## Exercise aim
Return the data word for word. Pictures are to be omitted.

## Recorded data

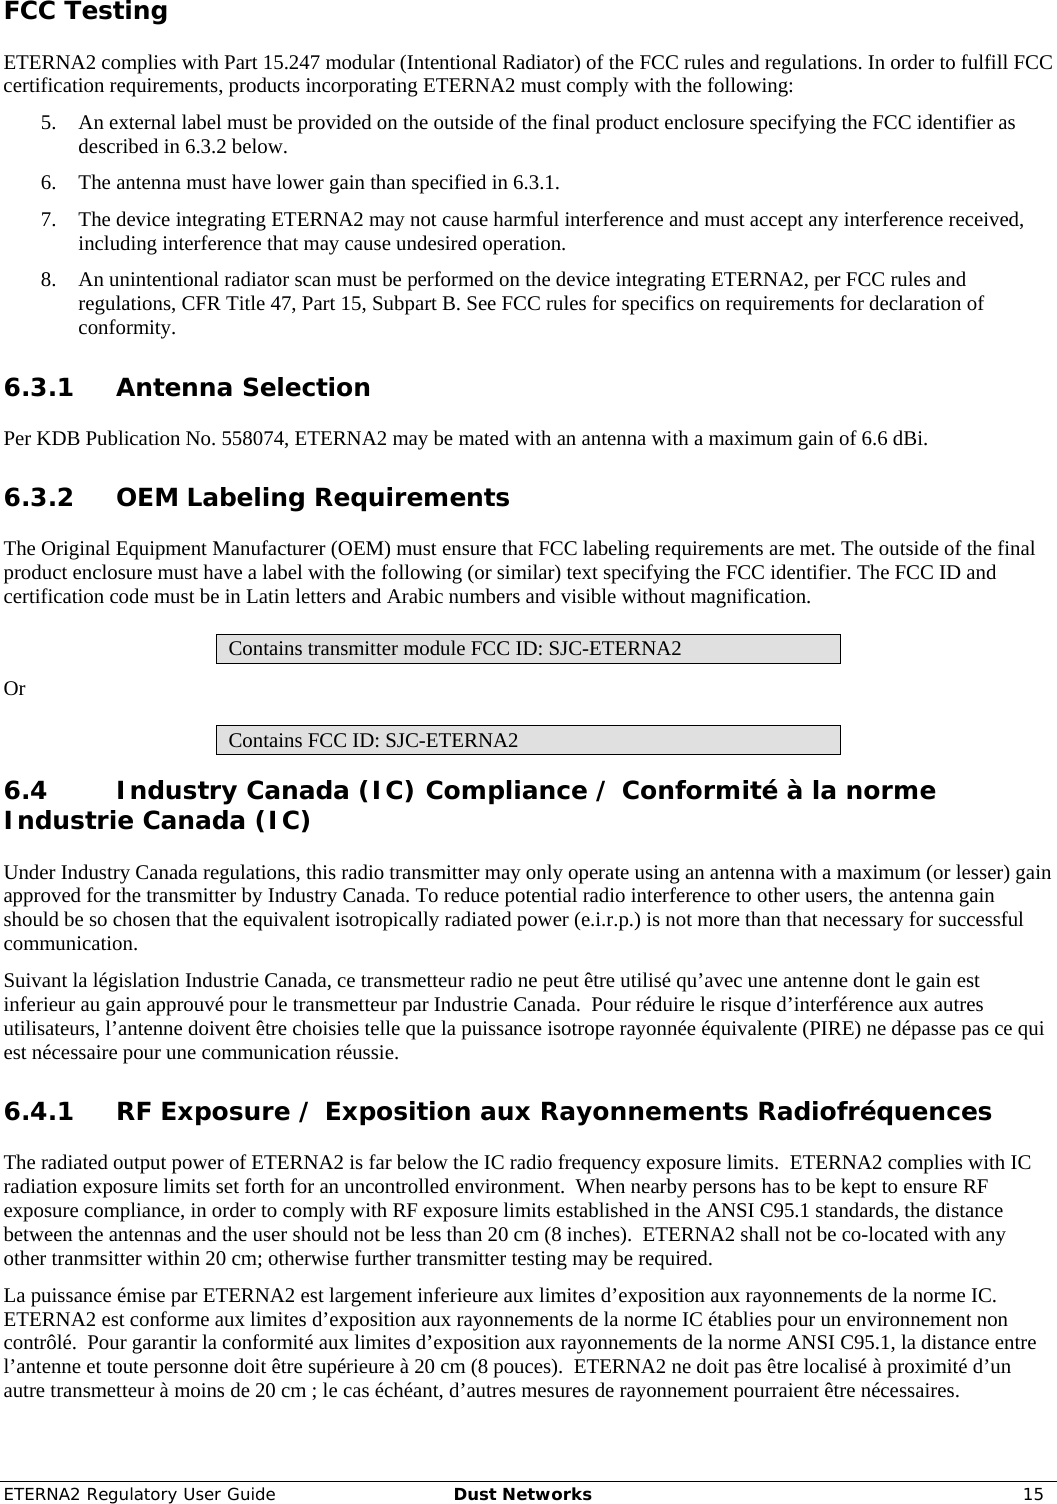 ETERNA2 Regulatory User Guide  Dust Networks  15  FCC Testing ETERNA2 complies with Part 15.247 modular (Intentional Radiator) of the FCC rules and regulations. In order to fulfill FCC certification requirements, products incorporating ETERNA2 must comply with the following: 5. An external label must be provided on the outside of the final product enclosure specifying the FCC identifier as described in 6.3.2 below. 6. The antenna must have lower gain than specified in 6.3.1. 7. The device integrating ETERNA2 may not cause harmful interference and must accept any interference received, including interference that may cause undesired operation. 8. An unintentional radiator scan must be performed on the device integrating ETERNA2, per FCC rules and regulations, CFR Title 47, Part 15, Subpart B. See FCC rules for specifics on requirements for declaration of conformity. 6.3.1 Antenna Selection Per KDB Publication No. 558074, ETERNA2 may be mated with an antenna with a maximum gain of 6.6 dBi. 6.3.2 OEM Labeling Requirements The Original Equipment Manufacturer (OEM) must ensure that FCC labeling requirements are met. The outside of the final product enclosure must have a label with the following (or similar) text specifying the FCC identifier. The FCC ID and certification code must be in Latin letters and Arabic numbers and visible without magnification. Contains transmitter module FCC ID: SJC-ETERNA2 Or Contains FCC ID: SJC-ETERNA2 6.4 Industry Canada (IC) Compliance / Conformité à la norme Industrie Canada (IC) Under Industry Canada regulations, this radio transmitter may only operate using an antenna with a maximum (or lesser) gain approved for the transmitter by Industry Canada. To reduce potential radio interference to other users, the antenna gain should be so chosen that the equivalent isotropically radiated power (e.i.r.p.) is not more than that necessary for successful communication.   Suivant la législation Industrie Canada, ce transmetteur radio ne peut être utilisé qu’avec une antenne dont le gain est inferieur au gain approuvé pour le transmetteur par Industrie Canada.  Pour réduire le risque d’interférence aux autres utilisateurs, l’antenne doivent être choisies telle que la puissance isotrope rayonnée équivalente (PIRE) ne dépasse pas ce qui est nécessaire pour une communication réussie. 6.4.1 RF Exposure / Exposition aux Rayonnements Radiofréquences The radiated output power of ETERNA2 is far below the IC radio frequency exposure limits.  ETERNA2 complies with IC radiation exposure limits set forth for an uncontrolled environment.  When nearby persons has to be kept to ensure RF exposure compliance, in order to comply with RF exposure limits established in the ANSI C95.1 standards, the distance between the antennas and the user should not be less than 20 cm (8 inches).  ETERNA2 shall not be co-located with any other tranmsitter within 20 cm; otherwise further transmitter testing may be required. La puissance émise par ETERNA2 est largement inferieure aux limites d’exposition aux rayonnements de la norme IC. ETERNA2 est conforme aux limites d’exposition aux rayonnements de la norme IC établies pour un environnement non contrôlé.  Pour garantir la conformité aux limites d’exposition aux rayonnements de la norme ANSI C95.1, la distance entre l’antenne et toute personne doit être supérieure à 20 cm (8 pouces).  ETERNA2 ne doit pas être localisé à proximité d’un autre transmetteur à moins de 20 cm ; le cas échéant, d’autres mesures de rayonnement pourraient être nécessaires. 
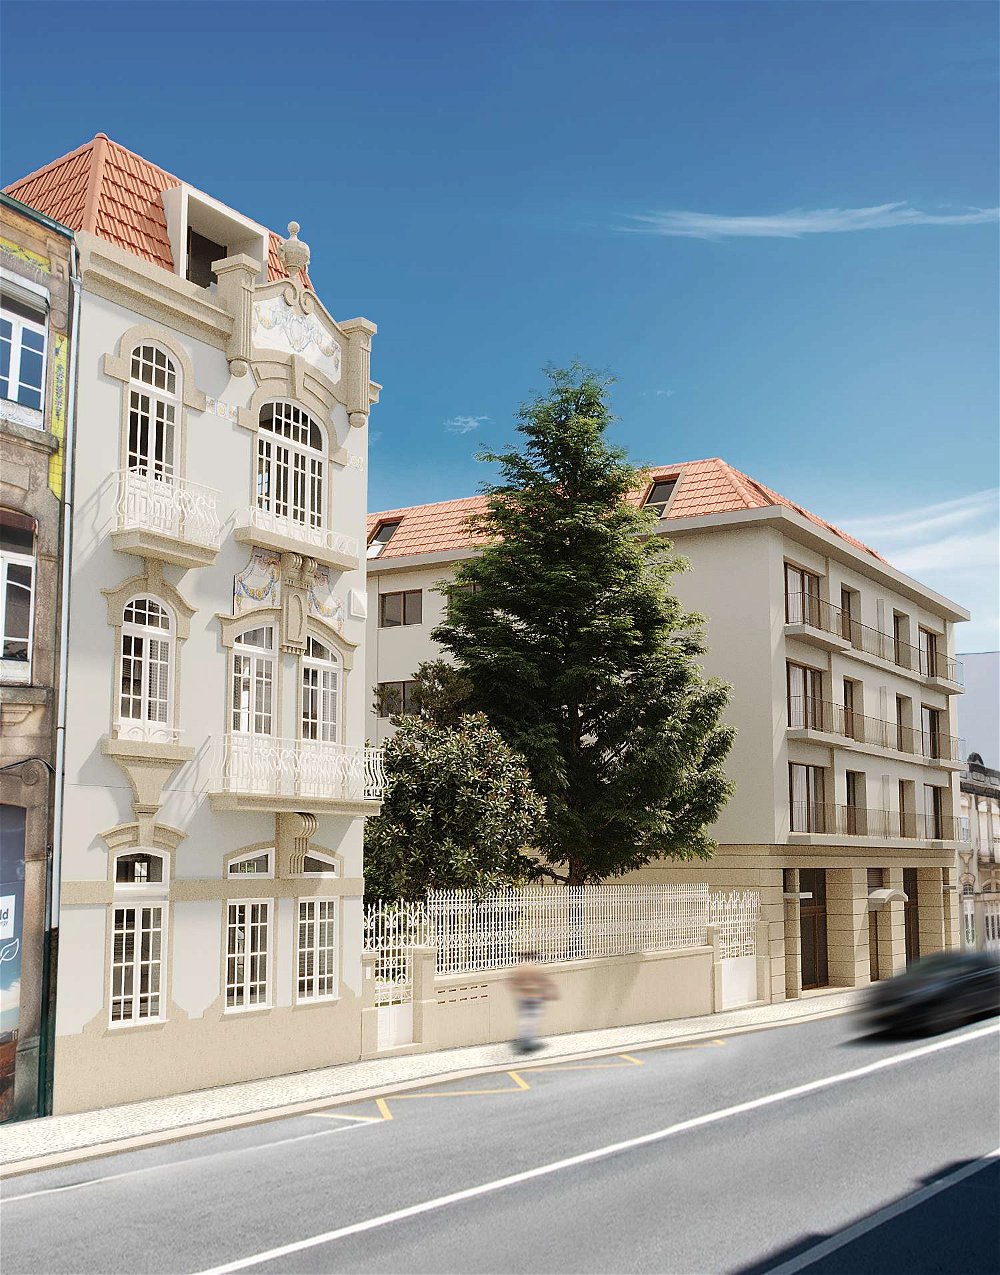 3 bedroom apartment duplex with balcony and parking in Porto 383715038
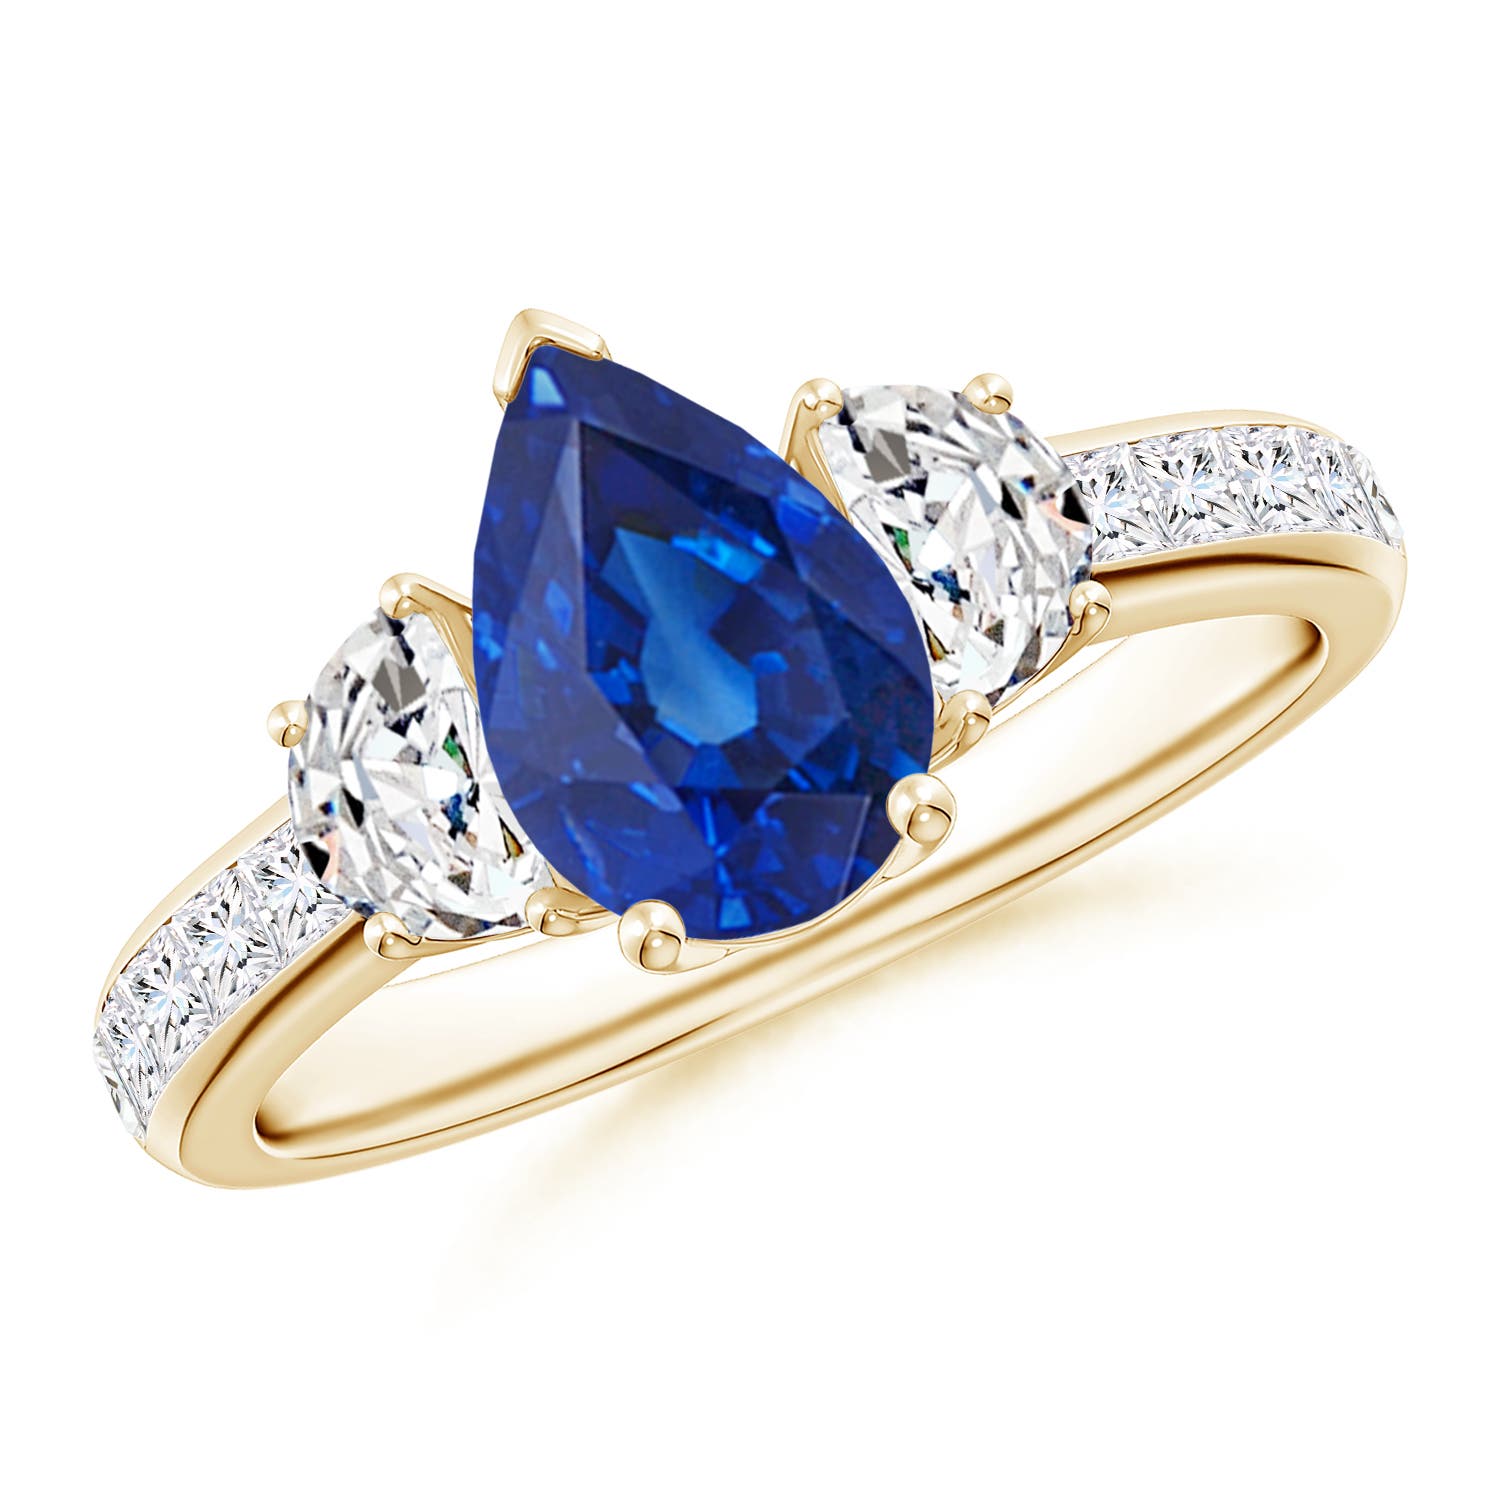 AAA - Blue Sapphire / 2.48 CT / 14 KT Yellow Gold

## Response to the exercise
 ETERNA2 Regulatory User Guide  Dust Networks  15  FCC Testing ETERNA2 complies with Part 15.247 modular (Intentional Radiator) of the FCC rules and regulations. In order to fulfill FCC certification requirements, products incorporating ETERNA2 must comply with the following: 5. An external label must be provided on the outside of the final product enclosure specifying the FCC identifier as described in 6.3.2 below. 6. The antenna must have lower gain than specified in 6.3.1. 7. The device integrating ETERNA2 may not cause harmful interference and must accept any interference received, including interference that may cause undesired operation. 8. An unintentional radiator scan must be performed on the device integrating ETERNA2, per FCC rules and regulations, CFR Title 47, Part 15, Subpart B. See FCC rules for specifics on requirements for declaration of conformity. 6.3.1 Antenna Selection Per KDB Publication No. 558074, ETERNA2 may be mated with an antenna with a maximum gain of 6.6 dBi. 6.3.2 OEM Labeling Requirements The Original Equipment Manufacturer (OEM) must ensure that FCC labeling requirements are met. The outside of the final product enclosure must have a label with the following (or similar) text specifying the FCC identifier. The FCC ID and certification code must be in Latin letters and Arabic numbers and visible without magnification. Contains transmitter module FCC ID: SJC-ETERNA2 Or Contains FCC ID: SJC-ETERNA2 6.4 Industry Canada (IC) Compliance / Conformité à la norme Industrie Canada (IC) Under Industry Canada regulations, this radio transmitter may only operate using an antenna with a maximum (or lesser) gain approved for the transmitter by Industry Canada. To reduce potential radio interference to other users, the antenna gain should be so chosen that the equivalent isotropically radiated power (e.i.r.p.) is not more than that necessary for successful communication.   Suivant la législation Industrie Canada, ce transmetteur radio ne peut être utilisé qu’avec une antenne dont le gain est inferieur au gain approuvé pour le transmetteur par Industrie Canada.  Pour réduire le risque d’interférence aux autres utilisateurs, l’antenne doivent être choisies telle que la puissance isotrope rayonnée équivalente (PIRE) ne dépasse pas ce qui est nécessaire pour une communication réussie. 6.4.1 RF Exposure / Exposition aux Rayonnements Radiofréquences The radiated output power of ETERNA2 is far below the IC radio frequency exposure limits.  ETERNA2 complies with IC radiation exposure limits set forth for an uncontrolled environment.  When nearby persons has to be kept to ensure RF exposure compliance, in order to comply with RF exposure limits established in the ANSI C95.1 standards, the distance between the antennas and the user should not be less than 20 cm (8 inches).  ETERNA2 shall not be co-located with any other tranmsitter within 20 cm; otherwise further transmitter testing may be required. La puissance émise par ETERNA2 est largement inferieure aux limites d’exposition aux rayonnements de la norme IC. ETERNA2 est conforme aux limites d’exposition aux rayonnements de la norme IC établies pour un environnement non contrôlé.  Pour garantir la conformité aux limites d’exposition aux rayonnements de la norme ANSI C95.1, la distance entre l’antenne et toute personne doit être supérieure à 20 cm (8 pouces).  ETERNA2 ne doit pas être localisé à proximité d’un autre transmetteur à moins de 20 cm ; le cas échéant, d’autres mesures de rayonnement pourraient être nécessaires. 
 3 bedroom apartment duplex with balcony and parking in Porto 383715038
 AAA - Blue Sapphire / 2.48 CT / 14 KT Yellow Gold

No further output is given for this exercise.